*GIVEN MATERIAL*:
== == ==
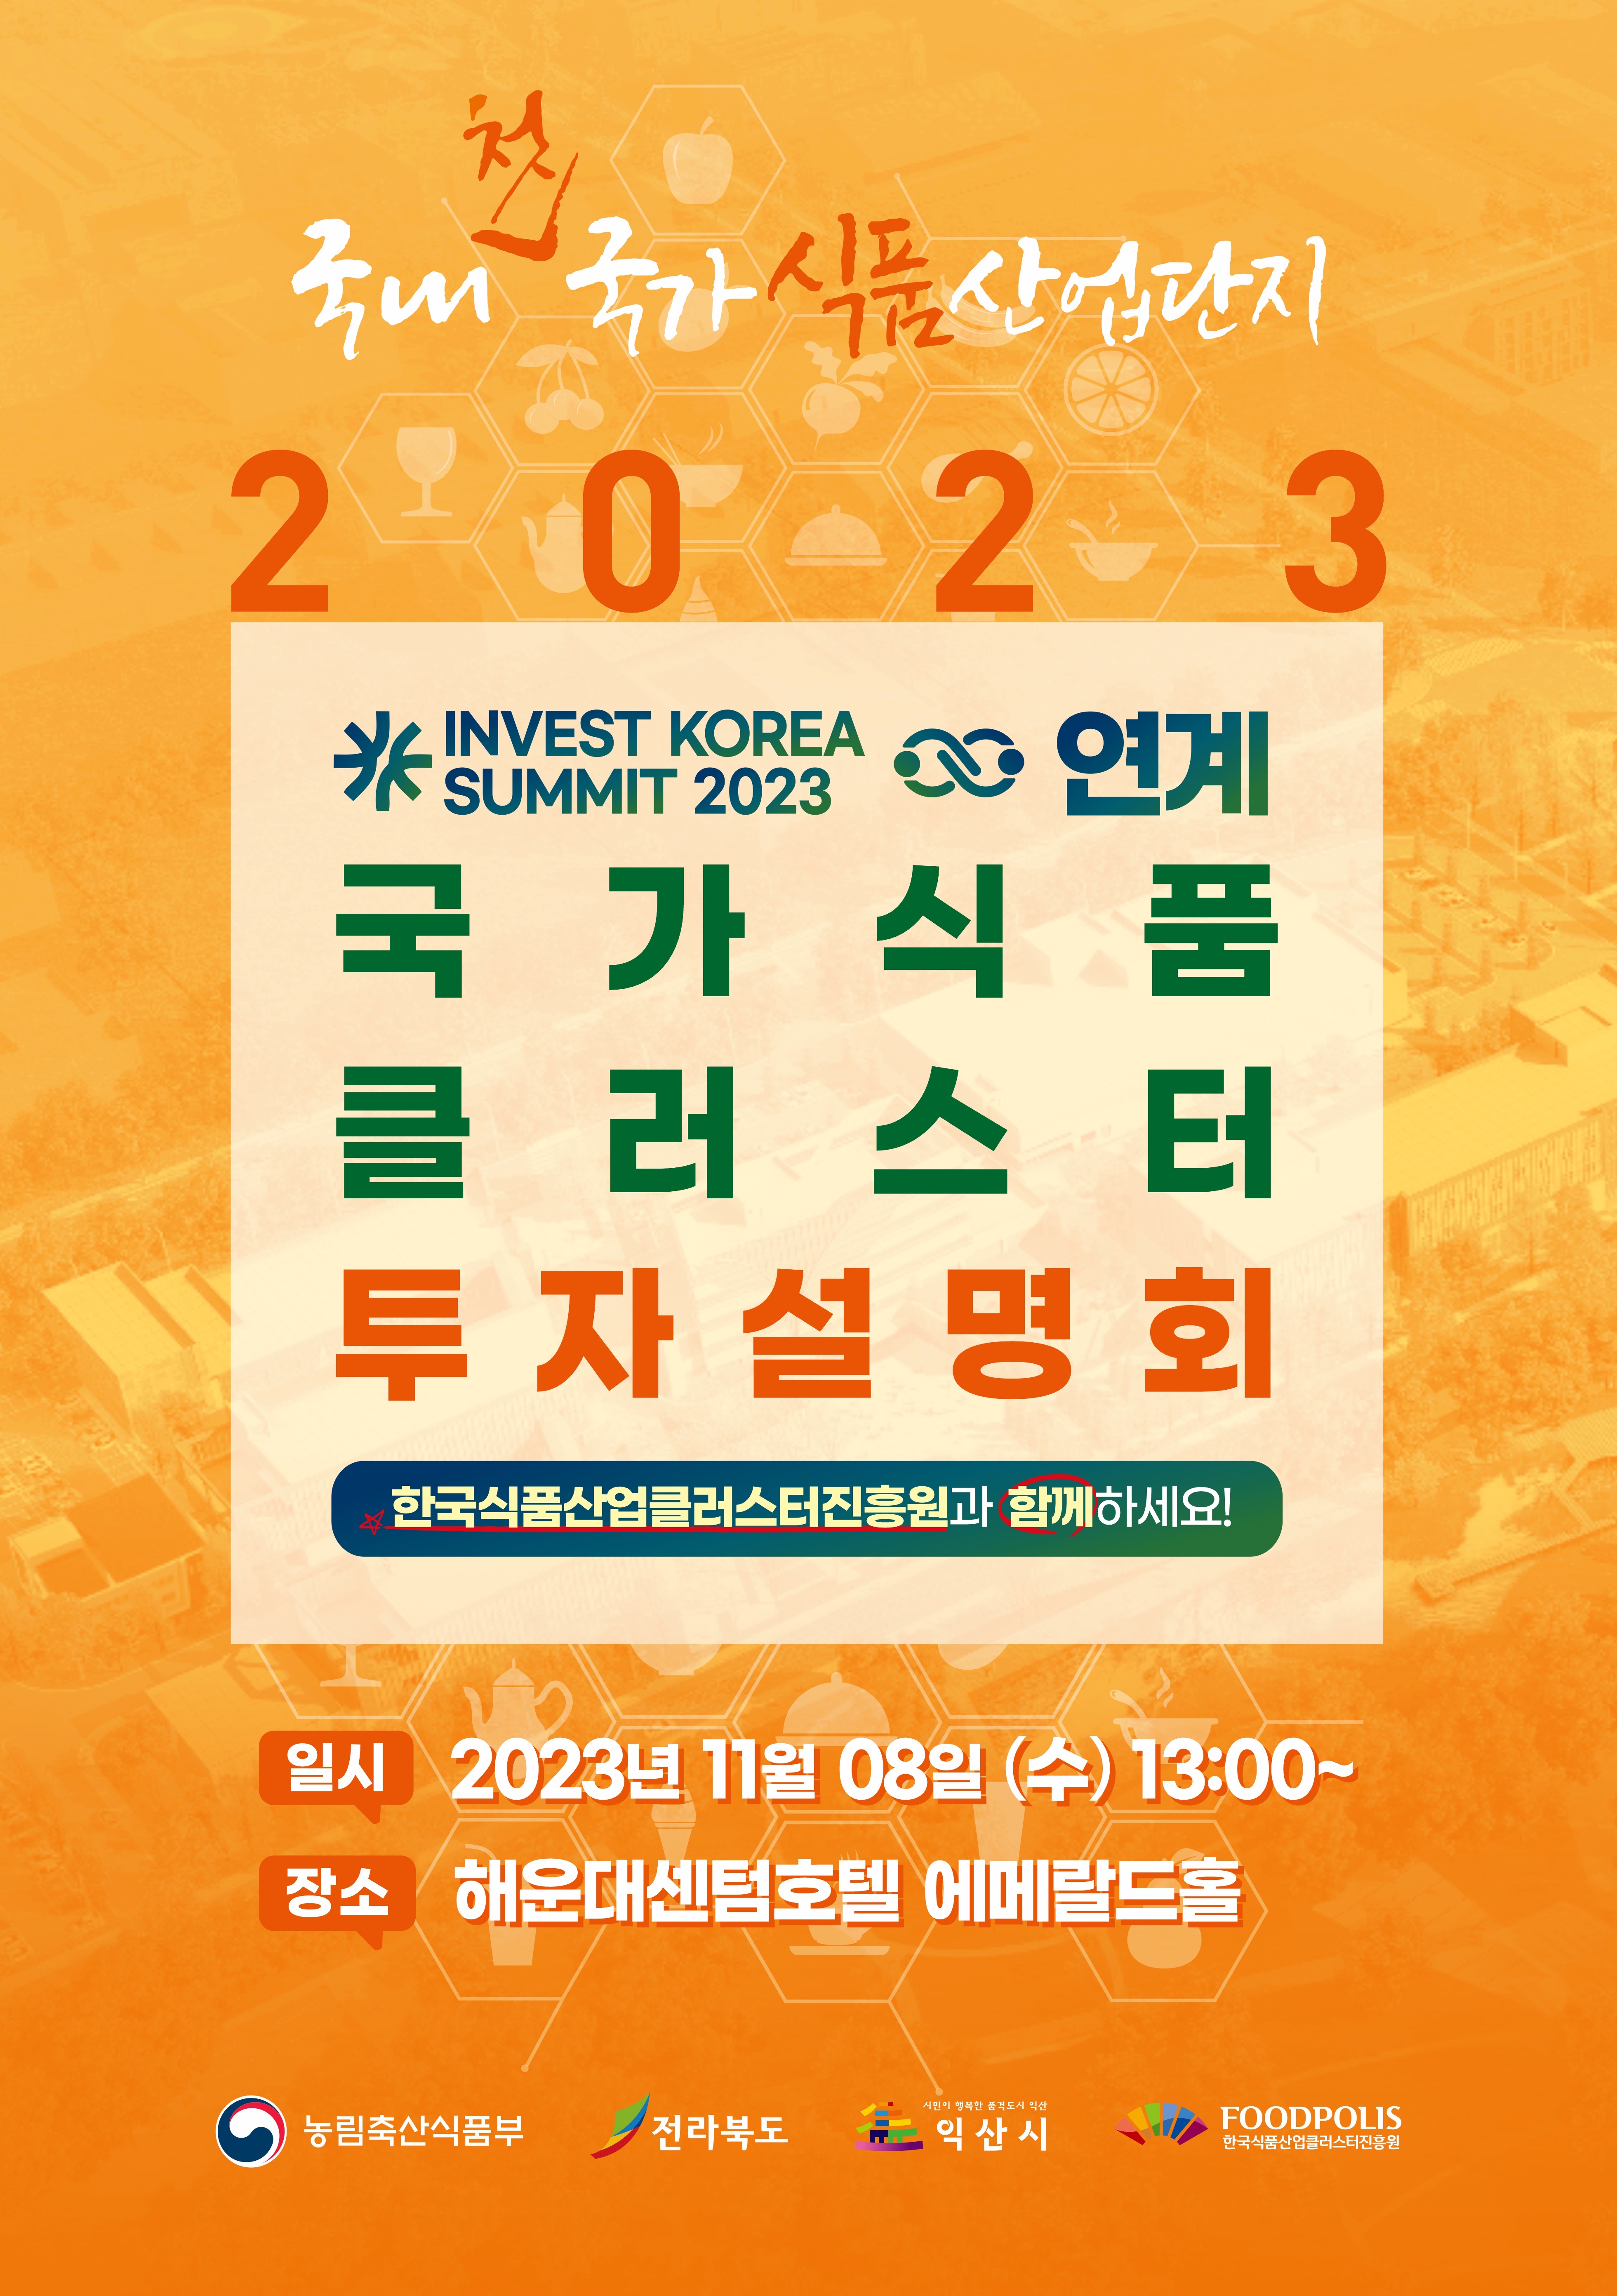 (11.08) 식품진흥원, 부산 Invest Korea Summit 연계 국가식품클러스터 투자유치설명회 개최_2
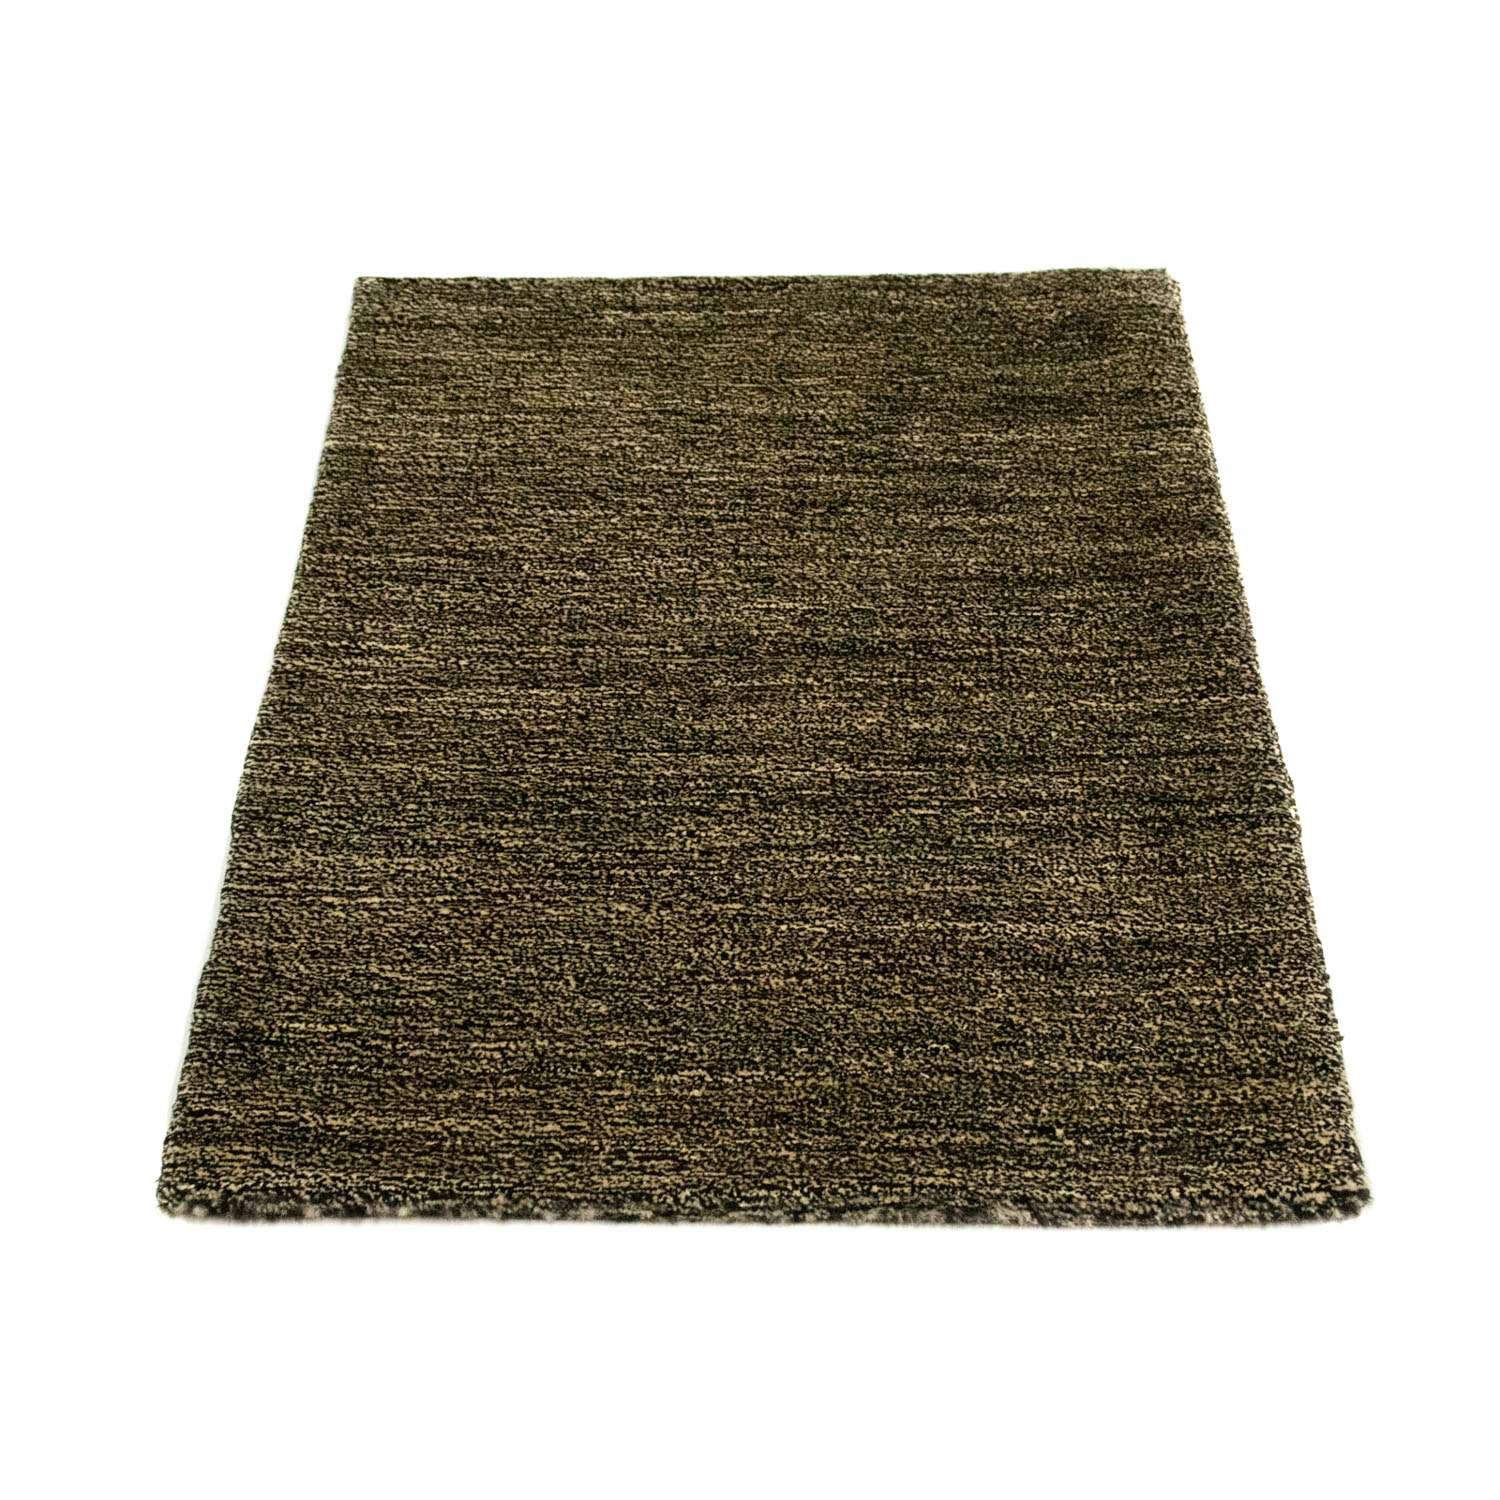 Gabbeh koberec - Indus - 93 x 64 cm - mátově zelená
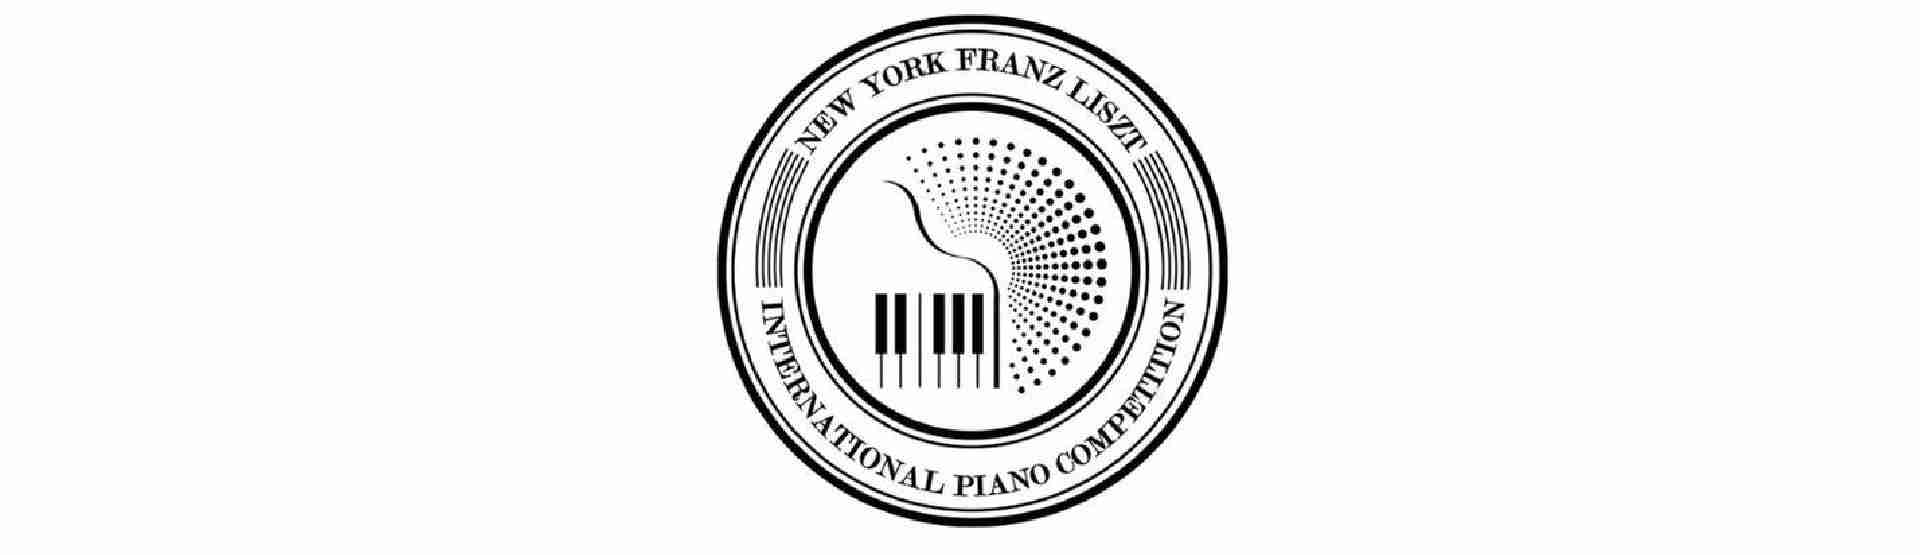 II. New York-i Liszt Ferenc Zongoraverseny
== == ==
The preceding listing is to be restated word for word, with every picture omitted.

*OUTPUT FOR THIS EXERCISE*:
 (11.08) 식품진흥원, 부산 Invest Korea Summit 연계 국가식품클러스터 투자유치설명회 개최_2
 Gabbeh koberec - Indus - 93 x 64 cm - mátově zelená
 II. New York-i Liszt Ferenc Zongoraverseny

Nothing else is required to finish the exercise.